Football stadium in Buenos Aires, Argentina

Estadio Arquitecto Ricardo Etcheverri, formerly known as Estadio Ferro Carril Oeste or simply "Ferro", is a football stadium located in the Caballito district of Buenos Aires. It is owned and operated by club Ferro Carril Oeste. The stadium, opened in 1905 and located close to Caballito station of Sarmiento Line, has a current capacity of 24,442.

Inaugurated on 2 January 1905, Ferro Carril Oeste is the oldest football stadium of Argentina (referring to clubs affiliated to AFA) and the second in South America after Estadio Gran Parque Central (home venue of Uruguayan Club Nacional de Football, built in 1900).

Because of being located near the geographic centre of Buenos Aires, several former clubs used it as their home venues. Some of them were Alumni, Barracas A.C., San Lorenzo, Argentinos Juniors, among others.

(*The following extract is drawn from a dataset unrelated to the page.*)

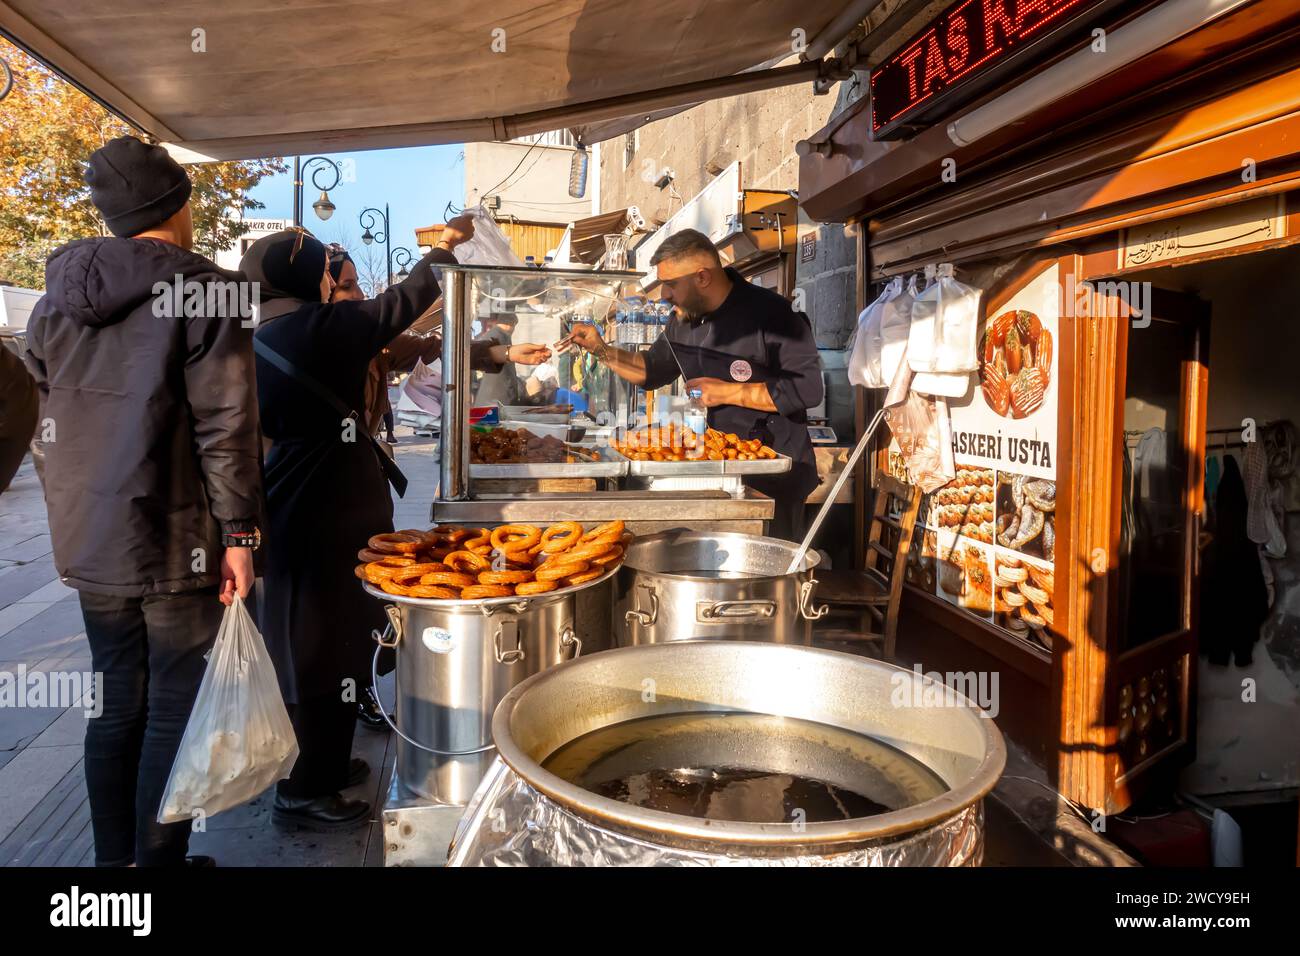 Biscotti caldi tradizionali curdi Koliche kulicha, dolci al forno, chiosco di vendita in strada con esposizione a Diyarbakir Turchia Foto Stock

The stadium also hosted test matches played by the Argentina national rugby union team (Los Pumas) first in 1932 and then during the 1970s to early 2000s, where Argentina played Ireland, New Zealand, France and Australia, among others. In Ferro Carril Oeste, Argentina achieved notable wins over Australia (1979) and France (1985), and a celebrated 21–21 tie vs the All Blacks in 1985. Other local teams such as the URBA team or San Isidro Club played matches at Ferro Carril Oeste in the 1980s.

== History ==
The stadium was built on a land granted by the manager of Buenos Aires Western Railway in 1905. That same year the first wooden grandstand was built. The first official match was played here on 21 April 1907, when Ferro C. Oeste and River Plate tied 2–2. In 1906, the first official grandstand (with roof) was built. Due to being linked with the Western Railway company, the club hosted several sports activities in 1907 to celebrate the 50th. anniversary of first railway line in Argentina.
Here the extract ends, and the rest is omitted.